Não é necessária uma orquestra de cores para nos deixarmos enredar. Esta ilha vulcânica consegue ser monocórdica, mas não há, nessa leveza de caráter, qualquer assomo de vulgaridade ou enfado.

Por mais ínfima que seja, há alguma possibilidade de nos deixarmos arrebatar pela aridez em estado puro? E por aridez entendam a mais completa secura de paisagem. Rocha, rocha, rocha. Sim, há. Pedras negras encavalitadas, formando um intrincado puzzle natural, tão desalinhadas na geometria que parecem ter vida própria. De certeza que foram parar lá sozinhas, só podem ter ido parar lá sozinhas, hospedadas que jazem numa cama definitiva e secular.

Os castanhos dão lugar aos cinzentos, há fases em que o dourado desponta, o vento que sopra de todos os quadrantes assobia de fininho ao nosso ouvido. O vento fala. “Não te distraias, não tentes segurar-me com as mãos”. O caminho das pedras é também o caminho dos catos. Pedras e catos. Catos e pedras. Numa sinfonia agreste sem palco. E sem bichos. Esperem. Minto.

Ali há, rezam as vozes autorizadas da ilha, uma réstia de vida. Um mosquito microscópico que só os apaixonados por mosquitos microscópicos distinguem nas gravuras dos livros de lombada generosa. Não há flores, não há lobos, nem gatos. Não há gaivotas. Mas há mar. Eu não vi o mosquito. Eu não consigo acreditar que ele se multiplique ali. Aquele vale bíblico não é cenário para romance.

Sigo. Garganta seca e olhos escancarados, sempre escancarados. Os vulcões forram a linha do horizonte e garantem a pequenez necessária à nossa condição de invasor. Qual é mesmo o nosso lugar? Verde escuro, castanho claro, negro cerrado. De uma ponta à outra do território duro, cavalgando a pacatez do alcatrão imaculado que rasga as bases das montanhas, podemos repousar, serenamente, sem trânsito, sem barulho. Catos e pedras. Se fecharmos os olhos, quase escutamos o bater de asas do mosquito microscópico. Já alguém o viu fora das lâminas do laboratório? Fujam da estrada, vem aí um carro.

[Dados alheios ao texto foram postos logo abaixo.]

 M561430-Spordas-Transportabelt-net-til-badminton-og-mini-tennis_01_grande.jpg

Saramago entregou-se àquela ilha por alguma razão. Não quero acreditar que tenha sido apenas por uma, não saberia escolher apenas uma.

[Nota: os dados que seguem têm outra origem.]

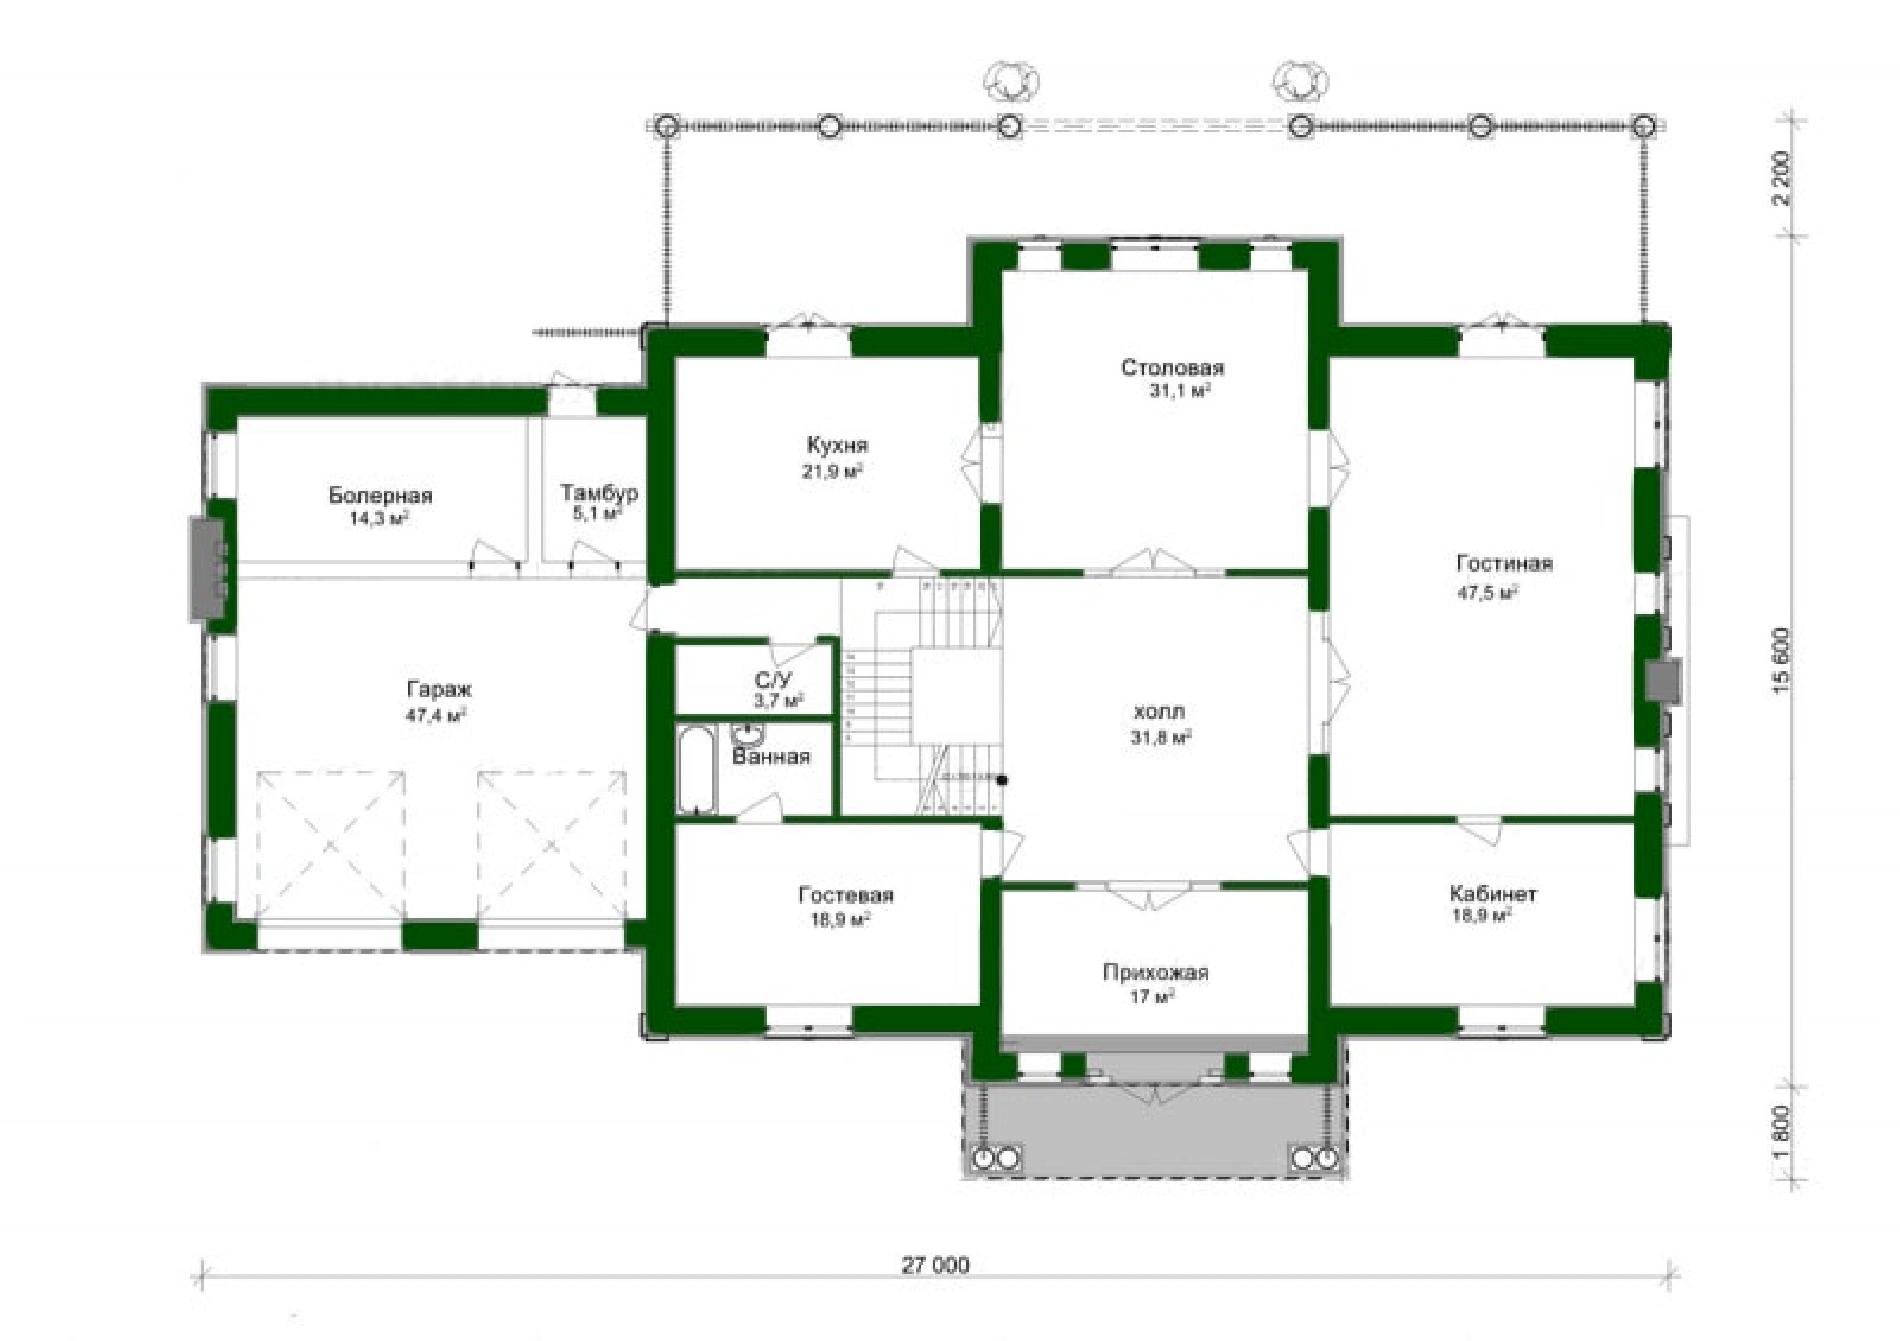 Планировка проекта дома №ml-564 ml-564_p1-min.jpg

O norte. Juram-nos que o vinhedo é um espetáculo à parte. Que não nos deixará os olhos humedecidos como a imponência do adormecido Timanfaya, mas que a peculiaridade dos berços ovalizados amparados da ventania por pedras gastas confere à vinha um estatuto cosmético próximo do bonsai. Posso confirmar: filigrana licorosa, meus amigos.

Não é necessária uma orquestra de cores para nos deixarmos enredar. Lanzarote consegue ser monocórdica, mas não há, nessa leveza de caráter, qualquer assomo de vulgaridade ou enfado. As águas são cálidas, mesmo no oceano revolto, a areia brilha, mesmo quando escura. Saltitamos de estádio mental para estádio mental. A paz seria absoluta se não fossem as hordas de camionetas e de turistas italianos com a mesma projeção vocal de um vulcão zangado. Lemos o que havia para ler dele.

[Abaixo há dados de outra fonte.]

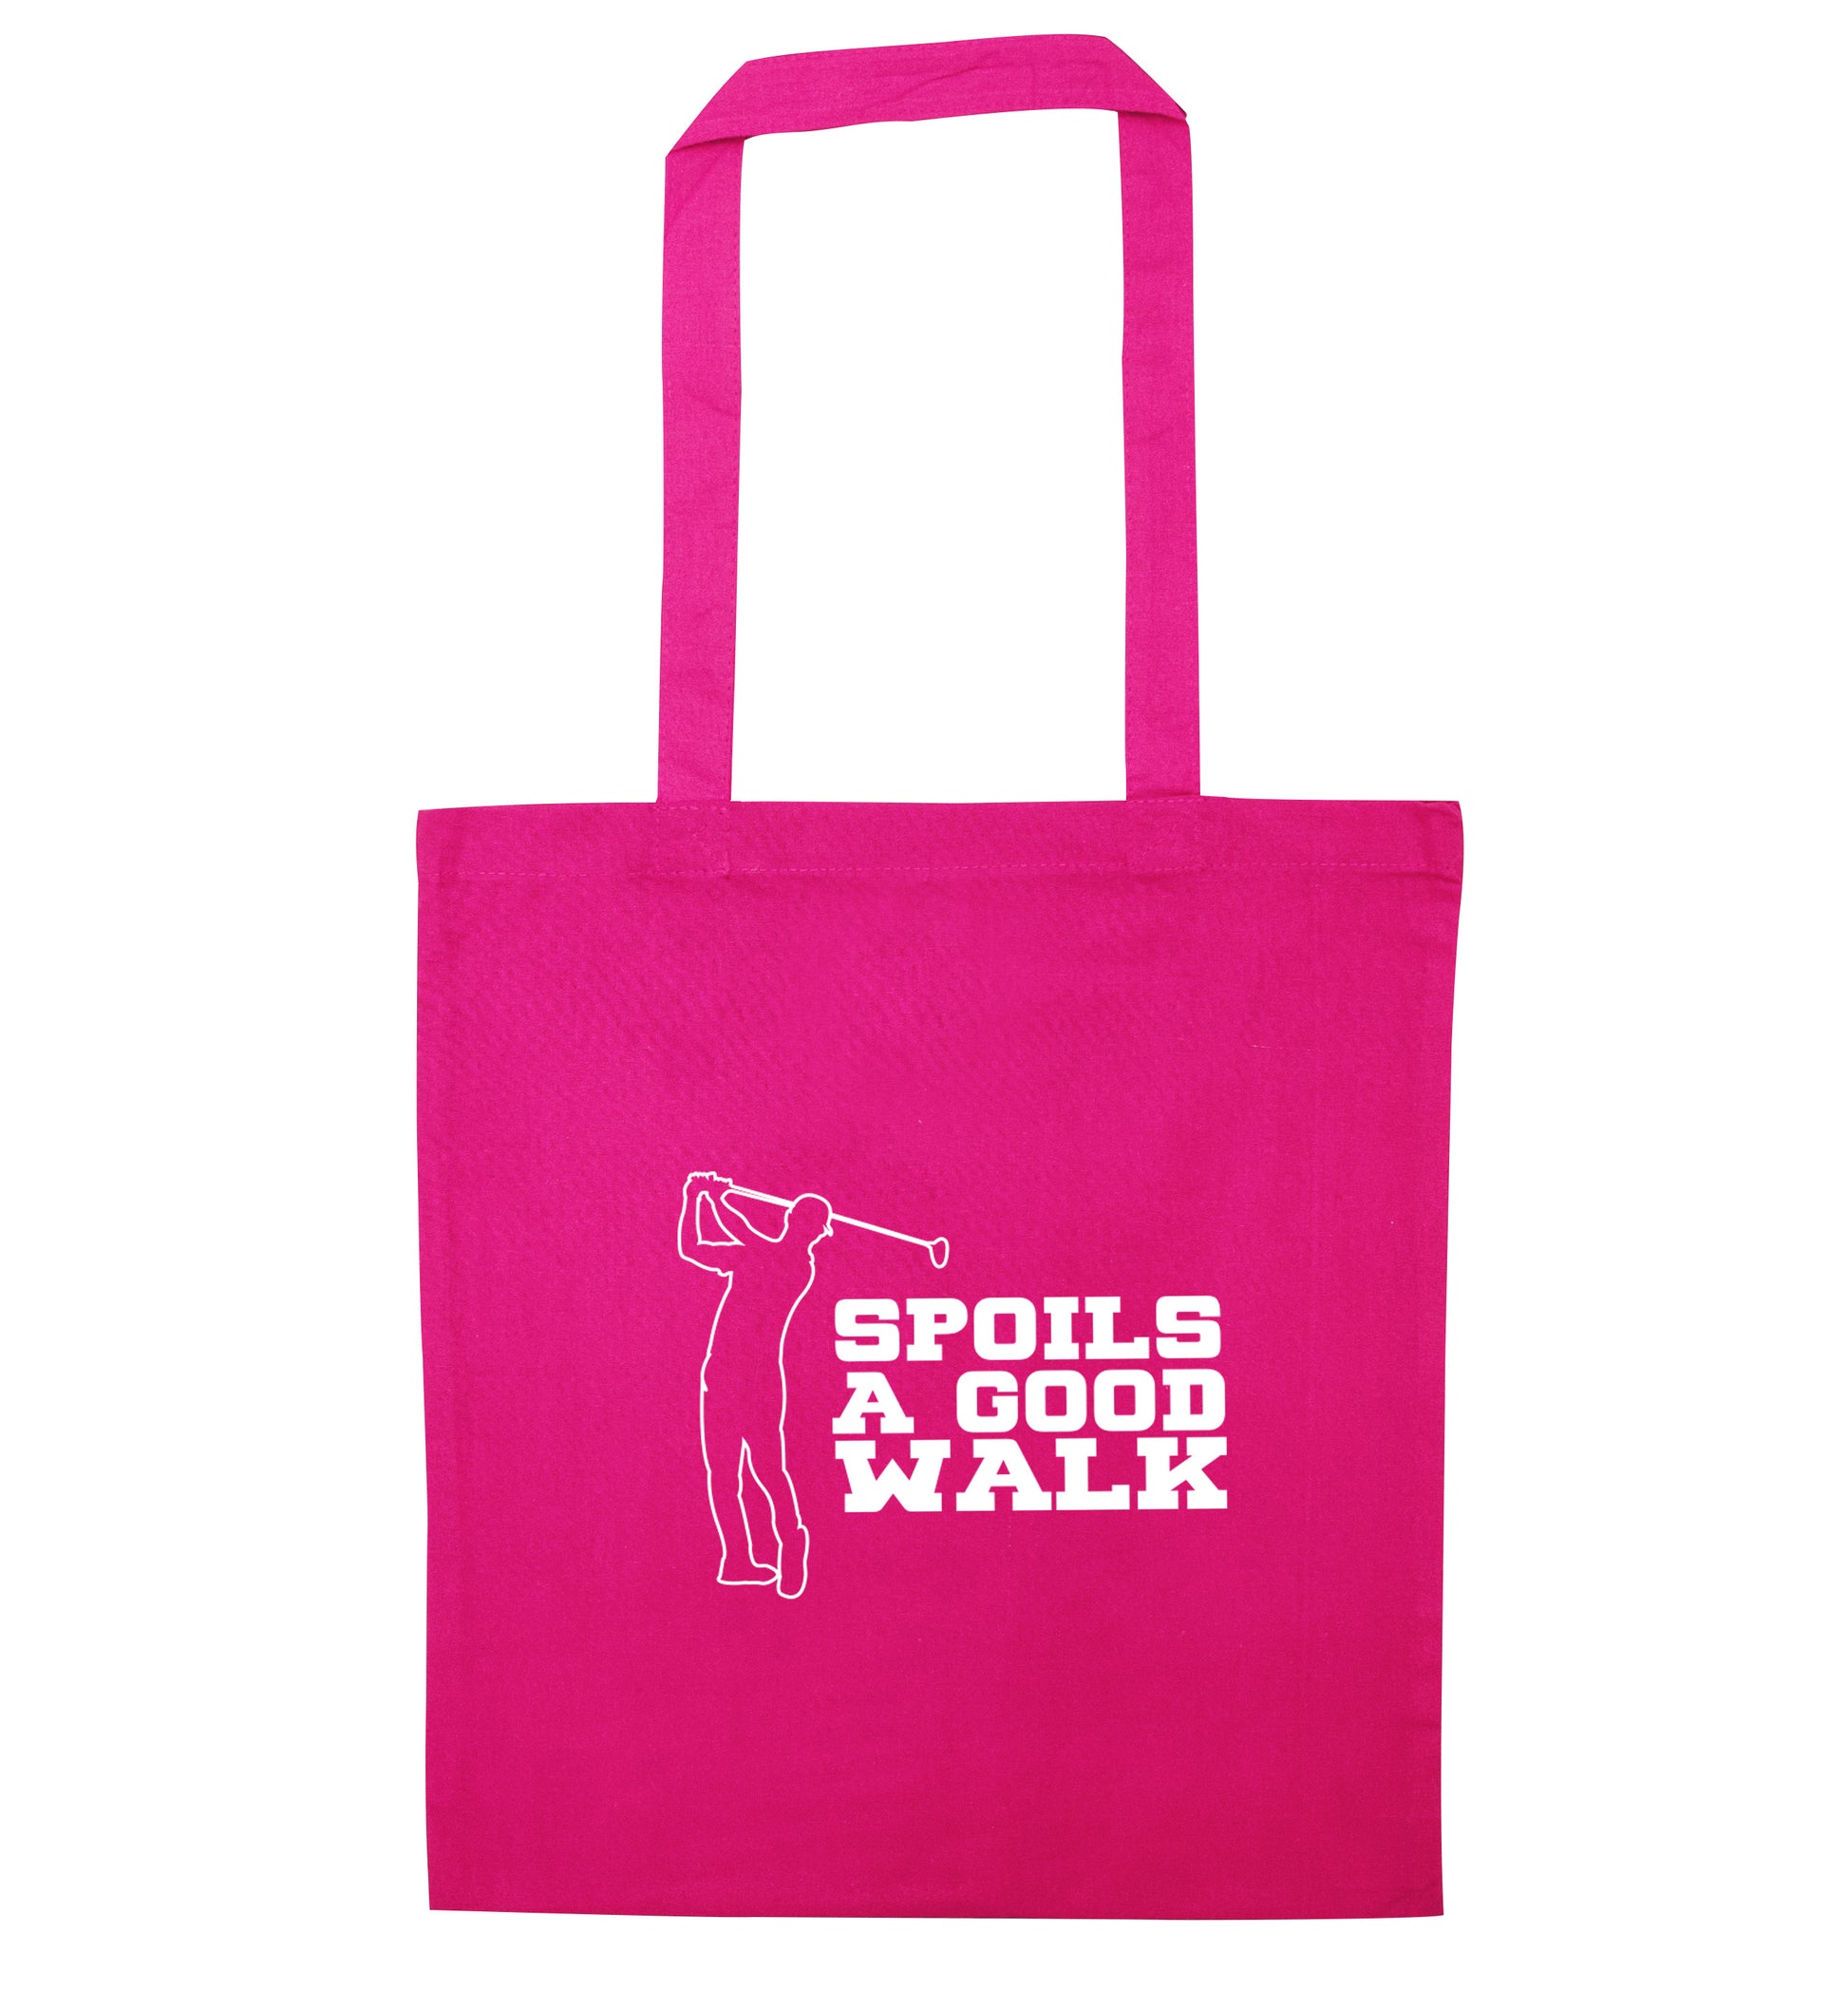 Golf spoils a good walk pink tote bag

Saramago entregou-se àquela ilha por alguma razão. Não quero acreditar que tenha sido apenas por uma, não saberia escolher apenas uma. Lanzarote são pedras e catos, mas é, sobretudo, uma via-sacra que vai dar a um lugar melhor dentro de nós. Fica uma cicatriz enorme no corpo encolhido. Deem-nos luxúria, sinfonias, o Olimpo, até. Mas poucas imagens serão tão plenas na função de nos humanizar como a aspereza deste ancoradouro vulcânico. Catos e pedras. Pedras e catos. Flores.